MMXXII: Berlin

Last February, I moved to Berlin, Germany to connect with the global art world and explore new ideas in technology and art. It has been challenging, surprising, and fulfilling.

The move was inspired by a failed California Arts Council grant application. I had planned to use that grant to visit Berlin during some key art festivals. While I was waiting to hear about the application, I spent a lot of time researching Berlin and to make best use of the time that grant would enable.

I didn’t get that grant. The feedback I got from the review was conflicting and confusing, but I didn’t dwell on it. Instead, I made plans to drive across the United States as an art making expedition. That turned out well and I returned to my San Jose art studio to work through multiple bodies of work generated out on the road.

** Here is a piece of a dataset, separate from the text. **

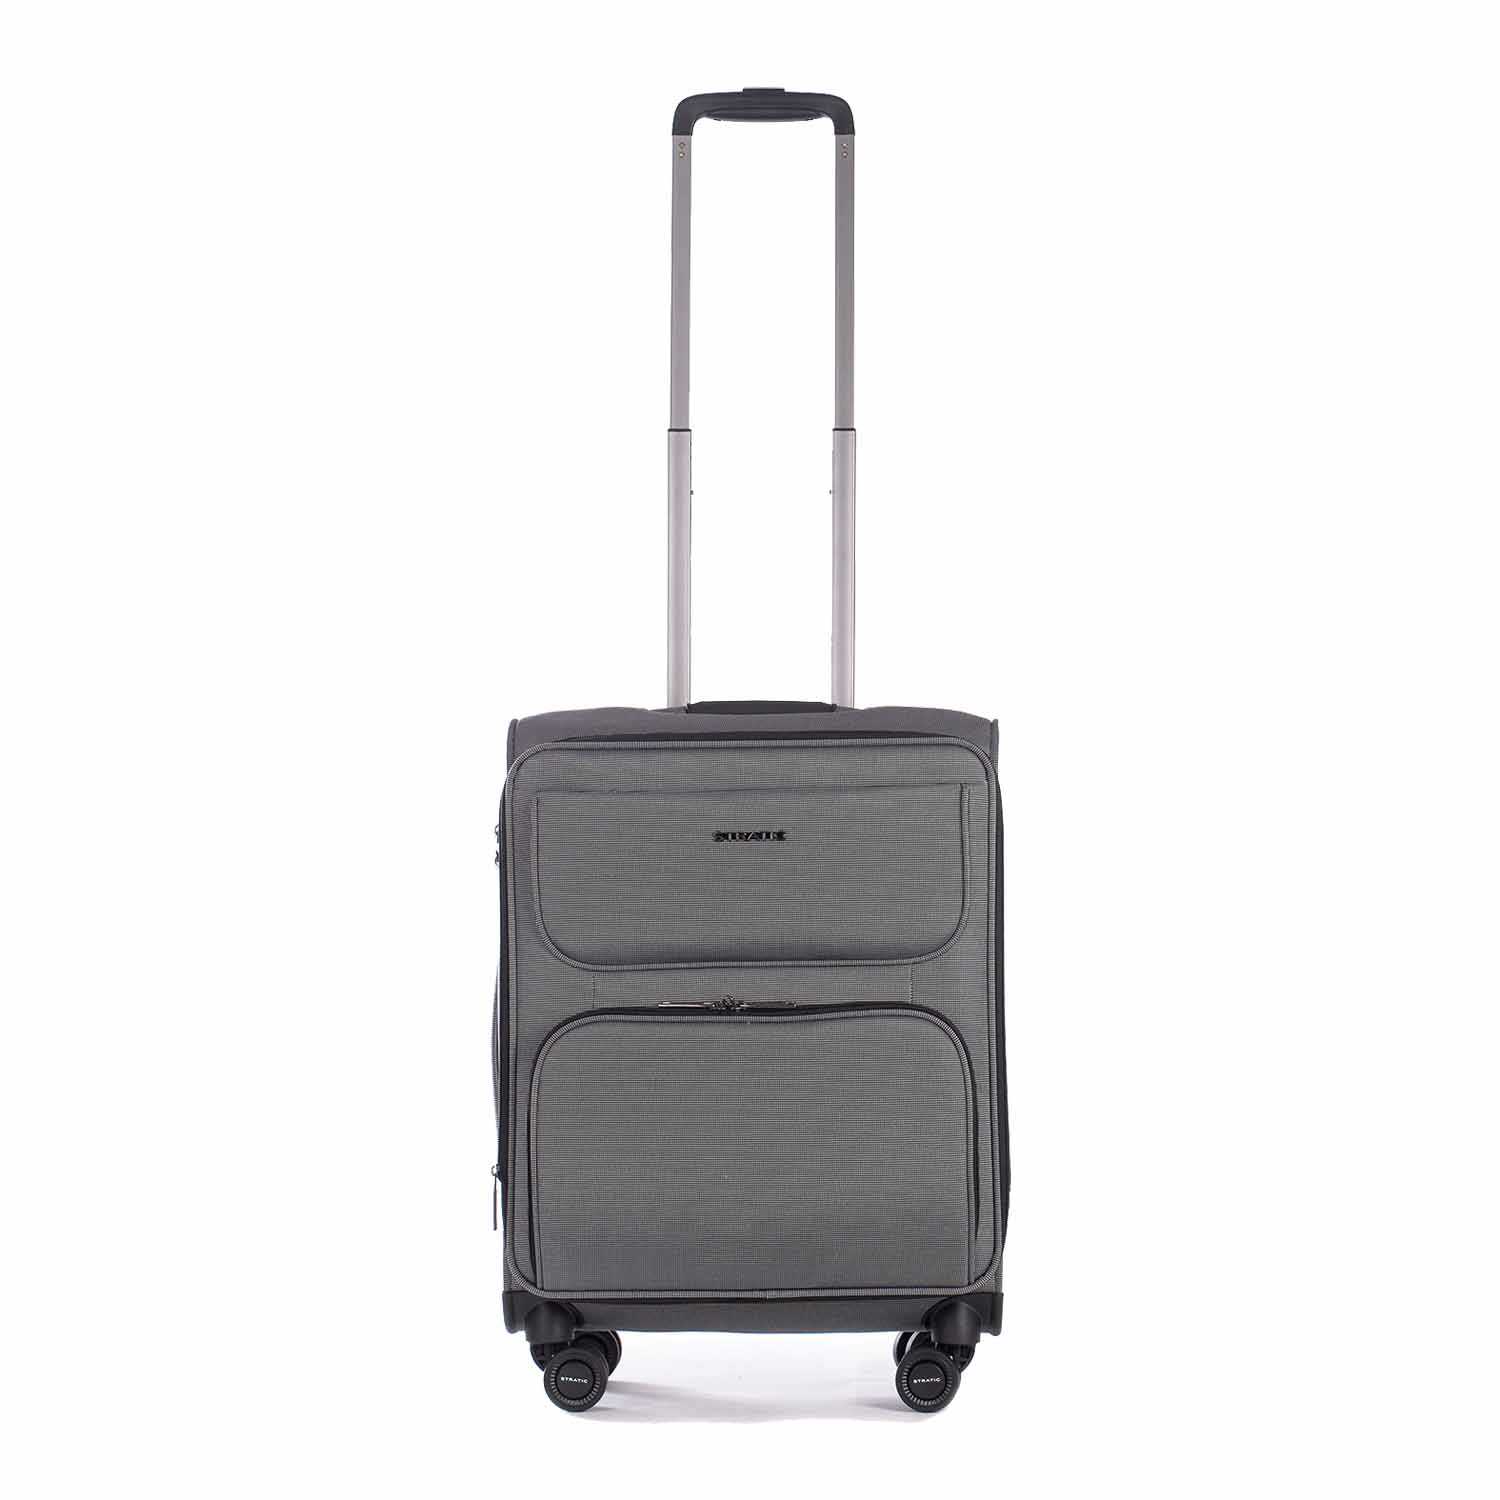 Stratic Bendigo Light + Koffer S silver | jetzt online kaufen auf Koffer.de  ✓
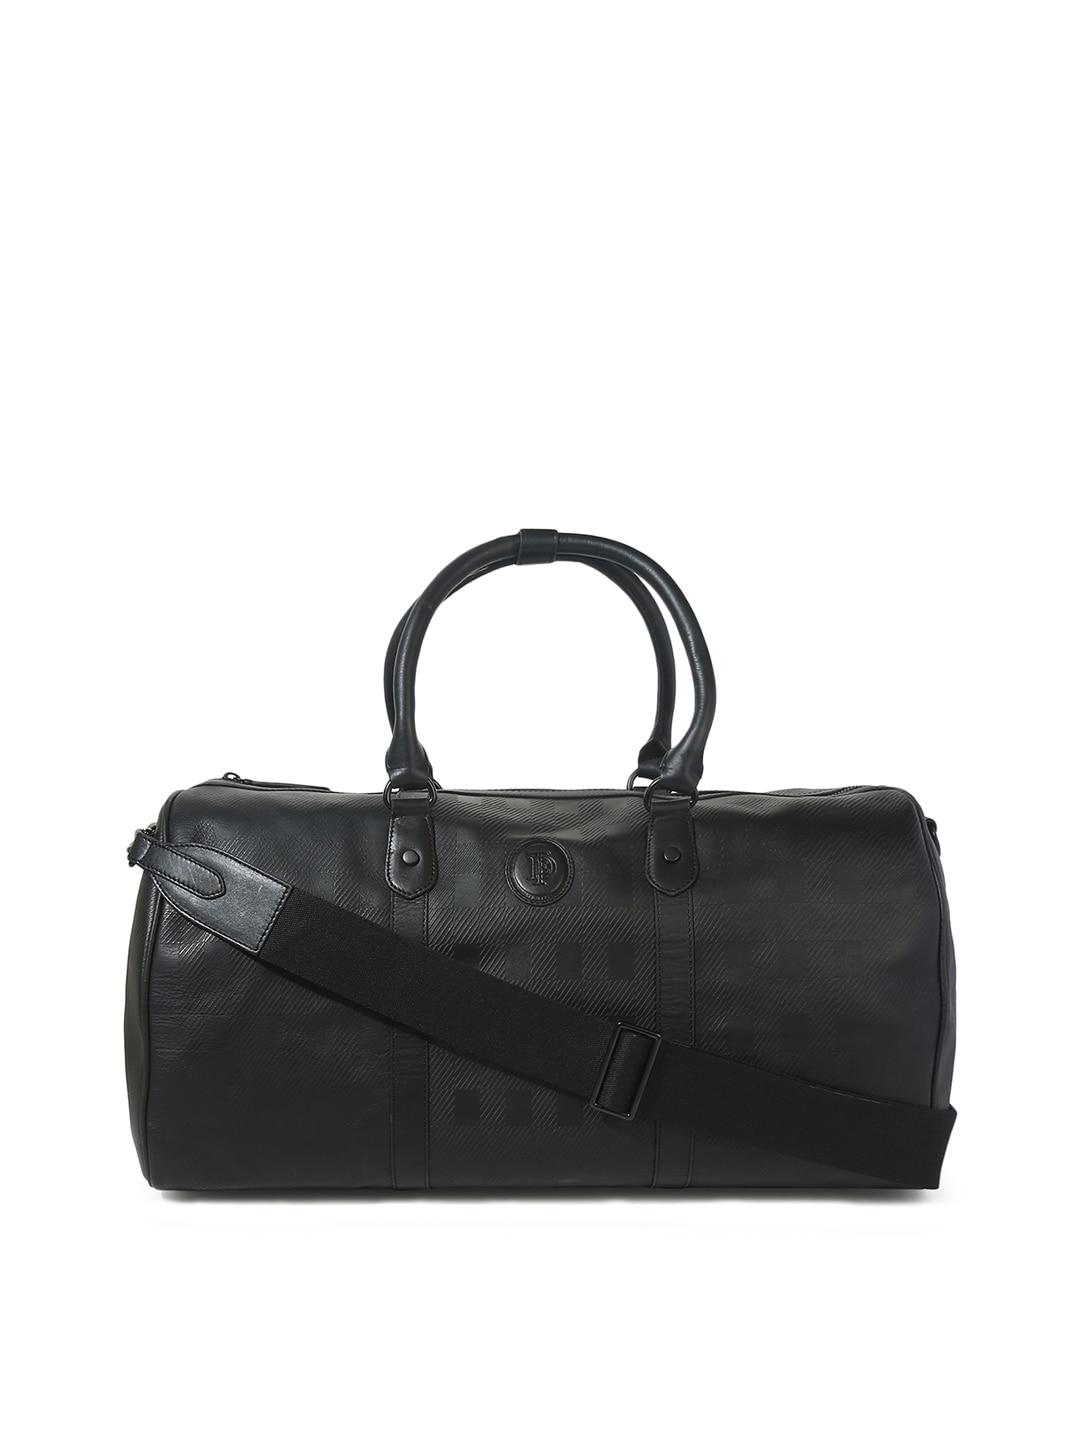 ted-baker-black-leather-oversized-structured-handheld-bag

The owner of the house I lived in decided to sell his house and I was looking at options for where to live the next year. Post-Covid Silicon Valley didn’t look very appealing and all my options were very expensive. It dawned on me that I might be able to move to Berlin instead. I had done a lot of research already so I knew where to explore that option. Within a week, I decided to take the gamble.

I started applying for jobs in Berlin and 3 months later, I had one. A month after that, I arrived at Brandenberg airport with a backpack, a laptop, and some clothes. A year has passed since then and the experience has been intense and inspiring.

Impressions

Berlin is a very modern large city. It has a strong public transportation network and diverse civic infrastructure. It has been able to absorb many class and culture imports and offers a strong social support network. Culturally, it has the most active and engaged art audience I ever seen in a city. More than New York.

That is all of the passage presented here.